あまり意識したことがなかった。何が原因なんだろう。そもそも人間が別に好きじゃないからか……?と思ったけど、「人間」みたいな多種多様な生き物を好きかどうかなんて、自分でもよくわからない。あと自分も人間やし……
好きな人間もいるし、嫌いな人間もいる、ぐらいしか言えることがない。みんなそうだろう。

私は長年、好きな画家としてマティスを挙げてきたが、マティス本人についてはほとんど何の知識もなく、好きかどうかの判断もつかない。私が「マティスが好きです」と言っているとき、私の頭に浮かんでいるのは、彼の顔でも、生前のエピソードでも、経歴でも名言でもなく、「赤のアトリエ」や「ダンス」や「花と果実」でしかない。
ちなみに私がマティスについて知っていることは下記のとおり。アメトーーク!で「マティス大好き芸人」が企画されても出演できないぐらいの知識量。

・わりと遅くに絵を描きだした人であること(何歳から、とかは知らん)
・フォーヴィスムの画家
・フランス人
・南仏で亡くなった(どこで、とかまでは知らん)
・晩年は病気もして絵を描く体力がなくなったが、切り絵をやってた

先日「マティスやピカソ、ダリが好きだった食べ物やよく食べていたお菓子なんかについて話します」というお題目の講演会があったので参加してきた。そこで聞いた話によると、マティスは法律家になるための勉強をしており、一度就職したらしい。法律事務所で働き、裁判官になるための試験も受け、しかも合格している。しかし盲腸になって入院し、その療養中に絵を描きだしたらしいのだ。暇つぶしで描き始めた絵画にのめり込み、二十歳を過ぎてから画家に転向したという。フランスのだいぶ北の方の出身だそうで、結構裕福な商家の生まれらしい。真面目な堅い仕事に就いてほしかっただろうに、ご両親はさぞかしショックだったろうな。
50歳くらいでニースに引っ越した。ここでアトリエを構えたマティスは、壺やらラグやら鳥かごやら、とにかく絵のモチーフになるものをたくさん集めて、アトリエを飾っていたらしい。植物を育てたり、鳥を飼ったりして、アトリエはとてもにぎやかだったよう。好きなものを集めて自分のスペースを飾るのが好きな感じ、めちゃくちゃわかる、私もそうやねんマティス。
マティスはアトリエにモデルを呼んで絵を描くことが多かったので、休憩中に食べてもらうために「フリュイコンフィ」をよく買っていたらしい。フリュイコンフィというのは果物を砂糖漬けにした南仏のお菓子で、マティスが通ってたお店は今もまだあるそうだ。
モデルさんにおやつを用意する感じ、なんかわかる。「ギャラはもちろん支払うしお昼休憩は取ってもらうとして、でも結構長丁場になるしな~」みたいな時に、おやつ用意する気持ち、わかるわ。

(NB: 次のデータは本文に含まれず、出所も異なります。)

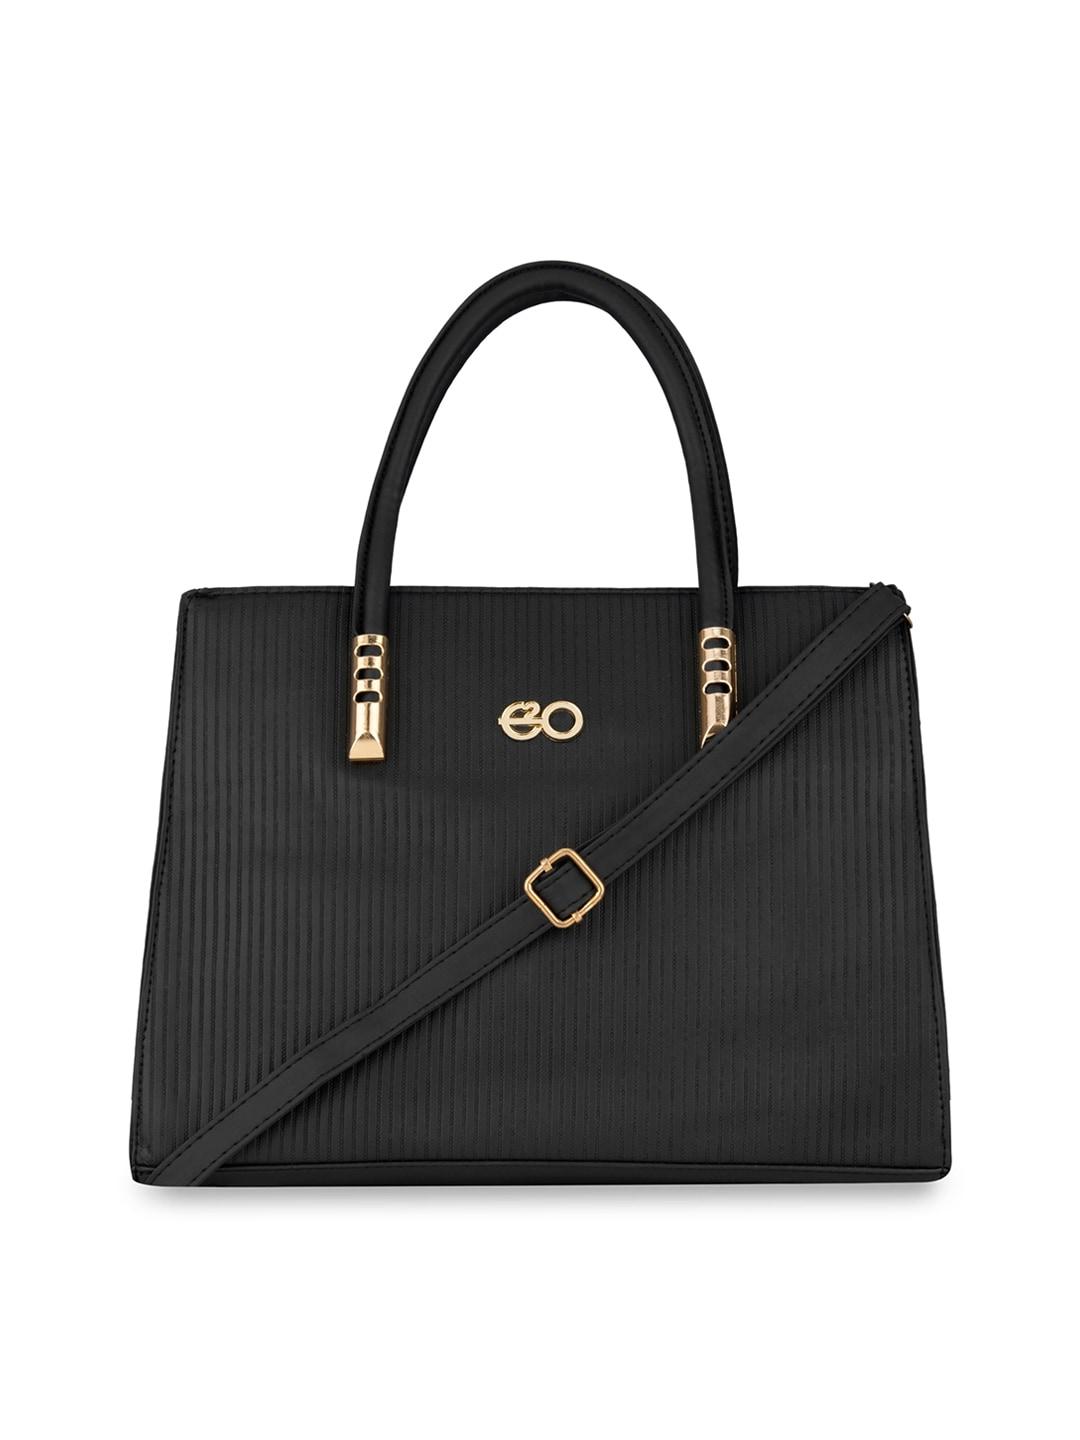 E2O Textured PU Structured Handheld Bag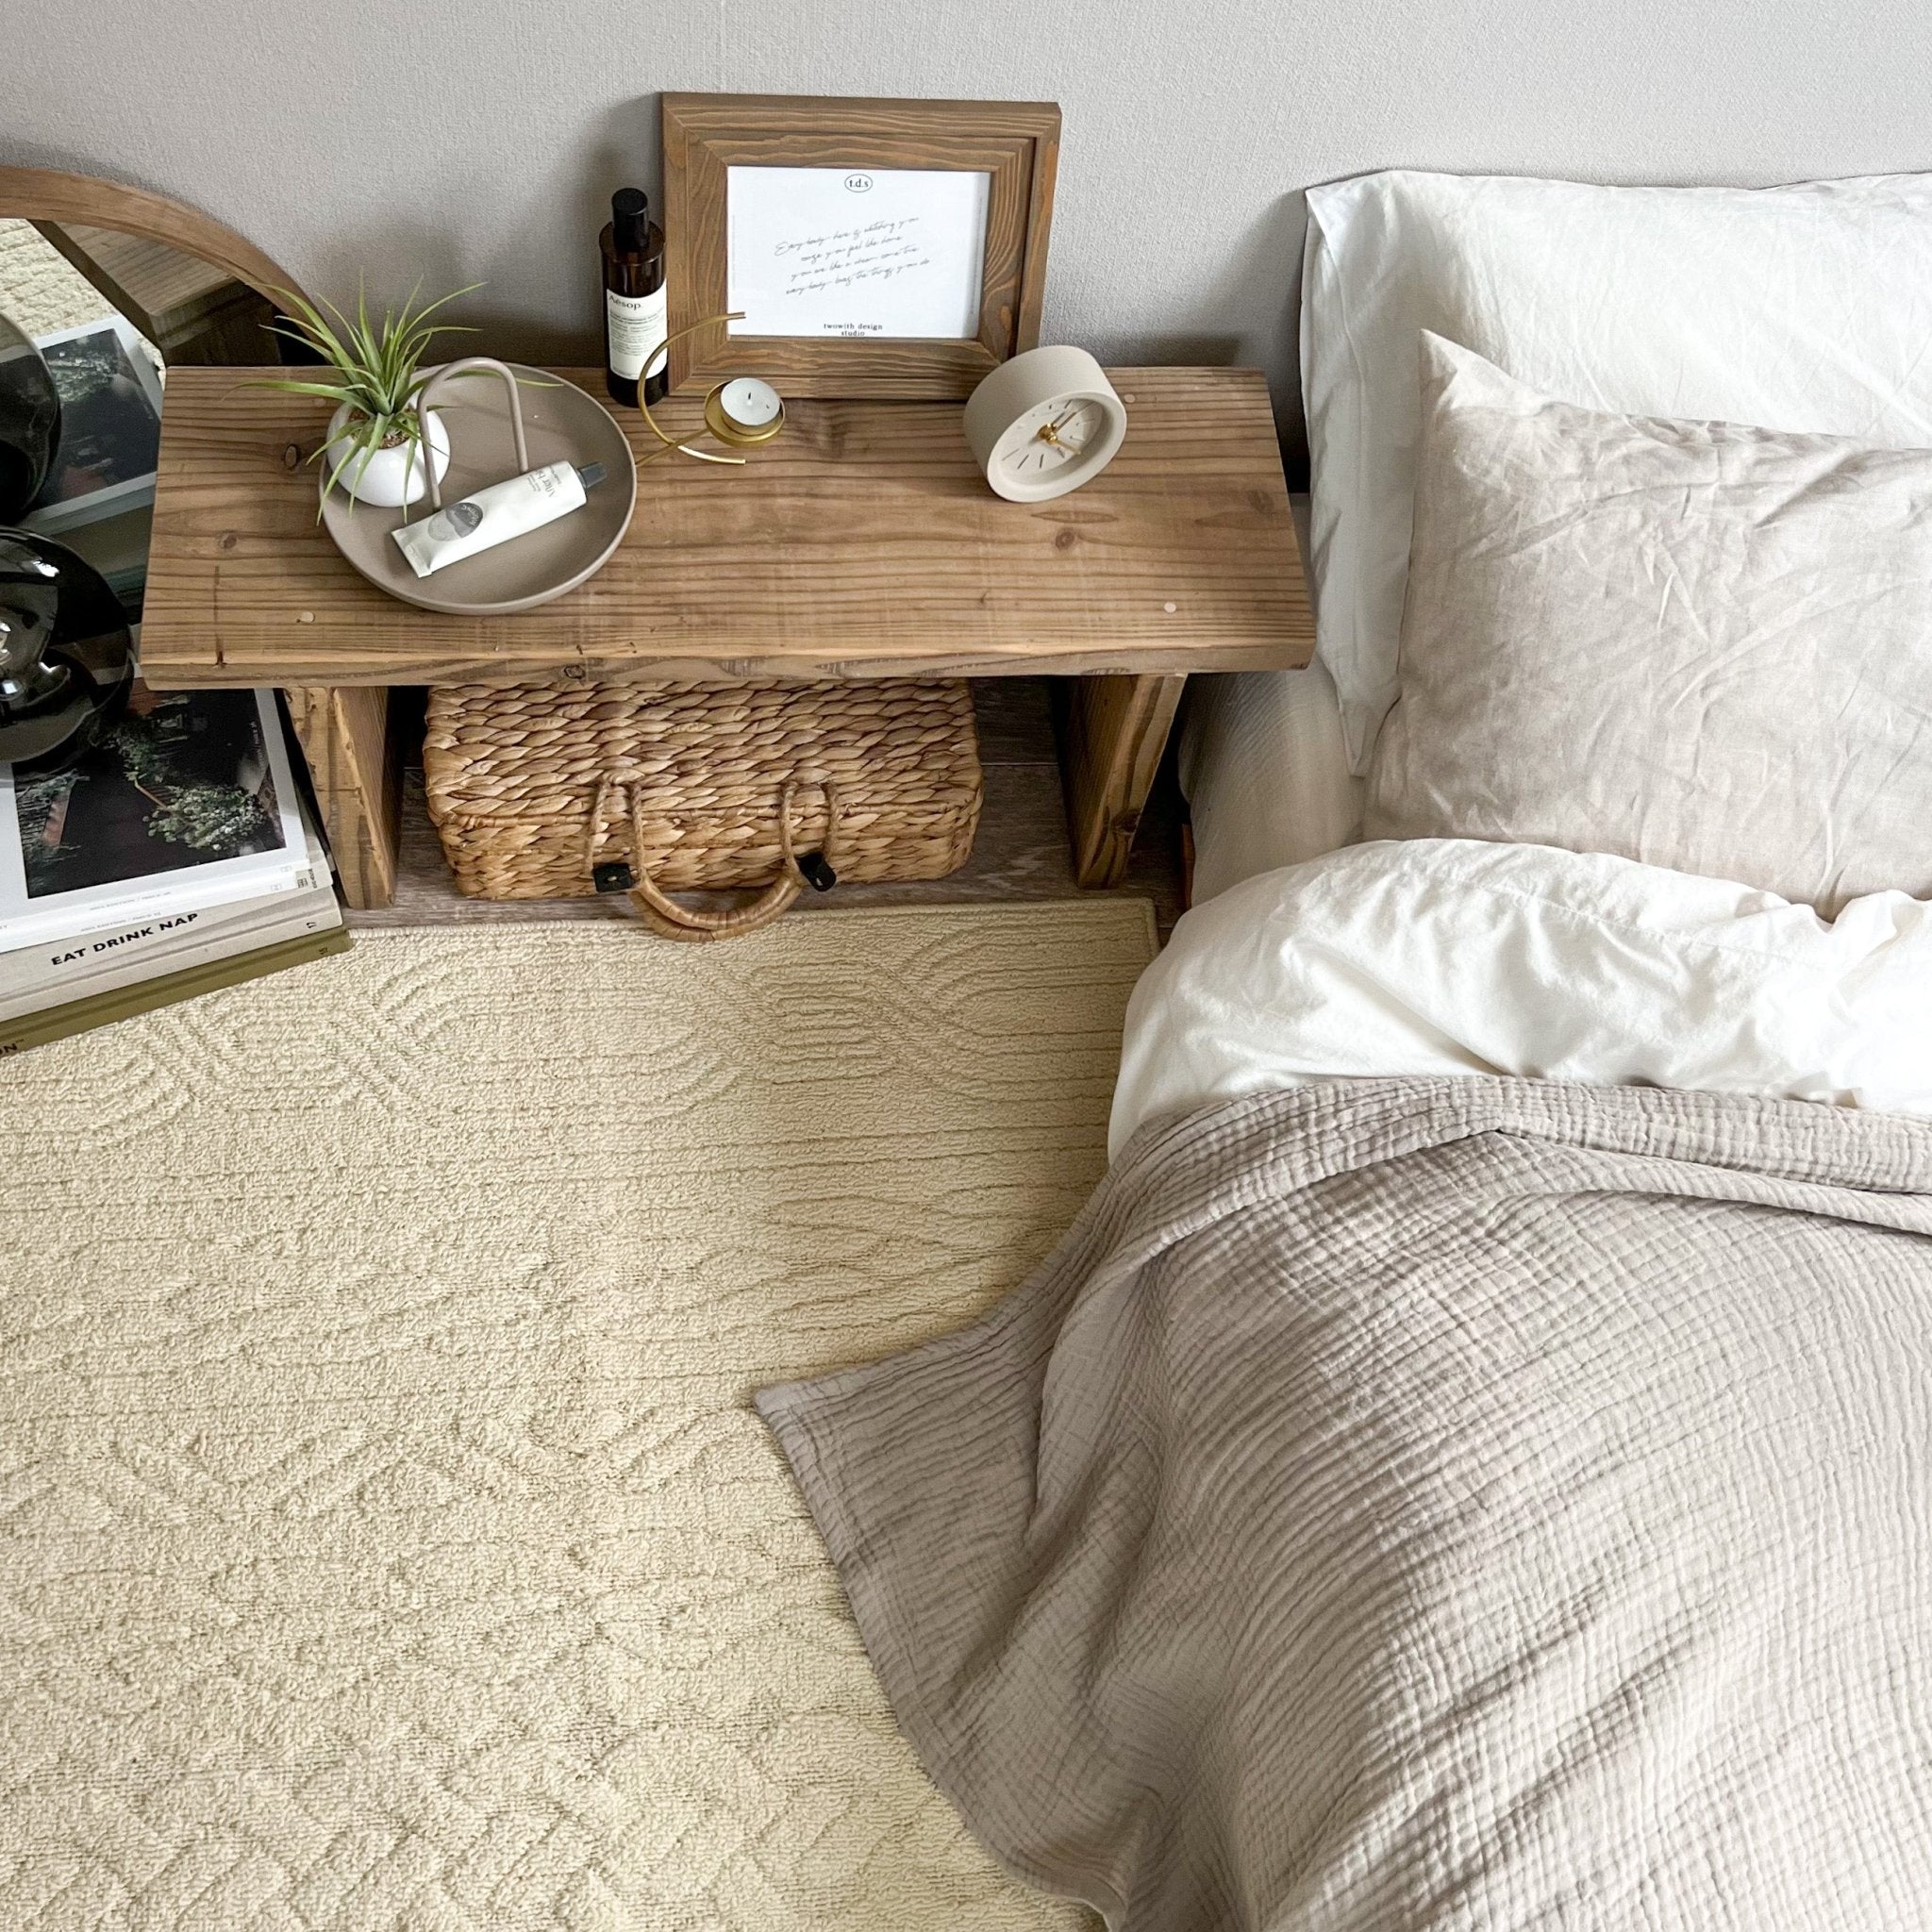 BR-2541-Little Rooms select-洗えるデザインラグ knit tuft rug

マティスが好きなのはその絵の色彩や、オブジェクトのセンスの良さ、伸びやかさ、おおらかさ、そもそもの手癖、みたいなものであって、マティスがどんな人かは別に関係ない、と思っていたけど、たぶん関係なくないんだよな、と思った。たぶん、関係なくないよ。
まぁ一方で、マティスが幼少期から絵しか興味のないボンクラ系息子で、モデルさんになんの気遣いもない横柄な画家だったとしても、別に今さら作品を嫌いになったりはせんけど、とも思う。

とはいえ共通点が多いというか、似た感覚を私も持ってるよな~だから好きになったんかもしれんね、とWikipediaを眺めていたら、マティスと私は誕生日が同じ日だった。
さすがにこれは、もっと早い段階で気づかんか……?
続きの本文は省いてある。